For an intuitive comparison of the LCOH for the four scenarios, local sensitivity analysis results with regards to the H₂ production capacity and transportation distance are provided in Figure 4. The H₂ production capacity, is varied from 10 t/d to 50 t/d, and transportation distance is varied from 100 km to 1000 km. Regarding the H₂ production capacity, scenario 4 shows a steep increase rate with respect to the increase of the production capacity, compared to other scenarios. This is mainly due to the larger increase in transportation cost for scenario 4, since additional costs are required for the increased amount of water and TREA corresponding to the increased amount of FA. Interestingly, the relative cost difference of scenarios 1–3 is altered with respect to the increase of H₂ production capacity, since the transportation costs increase in a discrete manner, according to the number of trailers required. Thus scenarios 2 and 3 show a larger increase in costs according to the increasing H₂ production capacity, and the cost of scenario 3 exceeds that of scenario 1 when H₂ is produced at 30 t/d. This trend is not observed for transportation distance change, since the cost is increased continuously.

2.3. LCA Results

The LCAs of the different scenarios were conducted using the commerical software SimaPro. The LCA results for each of the scenarios are presented in Figure 5. Since the main components of concern during the LCA of a CCU process are the global warming potential (GWP) and fossil resource scarcity (FRS), results for the two values are presented only [23].

In accordance with the previous studies regarding the LCA of LOHCs compared to H₂ transportation, both the GWP and FRS values are higher when utilizing LOHCs for H₂ distribution. While liquefied H₂ processes require the use of refrigerants such as R134a, refrigerants are recycled within the system for the entire process life cycle (assuming no leakage), contributing negligibly to the environmental impact factors. However, LOHC systems tend to require a continuous input of energy for steam or electricity generation and thus show higher values of GWP and FRS compared to the liquefied H₂ process. For both GWP and FRS values, the liquefaction process is the largest contributor considering scenario 1, due to large requirements of electricity for liquefaction system. This is in accordance with the OPEX breakdown results shown in Figure 2a. Comparing scenarios 2–4, the largest difference in GWP and FRS values is attributed to the FA production process. Due to the large amounts of steam usage in the tcFA process, scenarios 2 and 4 are observed to emit more than two times the amount of GWP and FRS compared to scenario 3. Furthermore, scenario 4 shows higher GWP and FRS costs compared to scenarios 2 and 3 due to the larger contribution of the transportation section. Due to the additional transportation requirements for TREA, which is to be used during the CO₂ capture process, the GWP and FRS values are increased by a factor of 3.76 compared to values for scenarios 2 and 3. From these results, while the direct hydrogenation of TREA-captured CO₂ might seem to be a better solution for FA-LOHC distribution at first glance, the additional costs and environmental impacts induced by the large volume of additional freight drives the scenario to show poor performance compared to liquefied CO₂ transport.

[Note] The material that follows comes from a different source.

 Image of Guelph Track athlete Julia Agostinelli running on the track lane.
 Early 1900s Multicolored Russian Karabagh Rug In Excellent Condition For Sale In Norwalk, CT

3. System Definition and Process Modeling

For a fair comparison of the various combinations of FA-LOHC distribution technologies, a systematic approach for formulating the different cases should be applied. In this study, a hydrogen distribution cycle where mass amounts of FA are produced at a central site, and the produced FA is transported to usage sites using tank lorries, is assumed. It is assumed that H₂ produced using renewable energy, namely “green H₂”, is delivered from outside sources for conversion into FA, then the produced FA is delivered to the site of usage and distributed with regards to the required H₂ purity and pressure. The delivery of H₂ to an HRS is considered in this study, where 99.99% of H₂ is required at 900 bar. The hydrogen distribution cycle can be divided into four different sections, namely the process of FA production, transportation of FA to the HRS site, dehydrogenation of FA for H₂ extraction, and return of CO₂ to the central site for re-conversion into FA. A schematic overview of the defined FA-LOHC distribution cycle is shown in Figure 6. The overall cycle of FA production, transportation, dehydrogenation, and CO₂ recycle is presented, and the different options available for each section of the cycle are provided within the system box. For FA production, the tcFA and ecFA pathways, are considered. The difference of the two pathways lies not only in the form of energy used and system configuration, but also in the possible form of CO₂ usable as an input. The tcFA process can utilize the amine-captured CO₂ state as well as pure CO₂ as the process input, meaning that CO₂ does not necessarily have to be purified with the use of additional energy for operating the tcFA process. This aspect leads to two different options for CO₂ recovery and transportation, which are the PSA and CO₂ absorption, and the liquefied CO₂ and amine-captured CO₂ delivery, respectively. The ecFA process can only incorporate pure CO₂ as the input, and thus only the CO₂ recovery using PSA and the liquefied CO₂ transportation option can be integrated. A summary of the considered H₂ distribution scenarios are provided in Table 2.

3.1. Process Modeling

To obtain reliable TEA and LCA results, each step of every scenario is modeled using the commercial process simulator Aspen Plus. For each option of the process designed, the operational parameters and performance indicators are obtained mainly from related studies showing state-of-the-art performance. It should be noted that since the information required for rigorous modeling of the reactors, such as packing, pressure drop, and kinetic models, are unavailable at the current stage of development, equilibrium models are used assuming the performances are preserved after scale-up of the process. Afterwards process configurations are further analyzed using pinch analysis to integrate hot and cold streams and maximize energy efficiency.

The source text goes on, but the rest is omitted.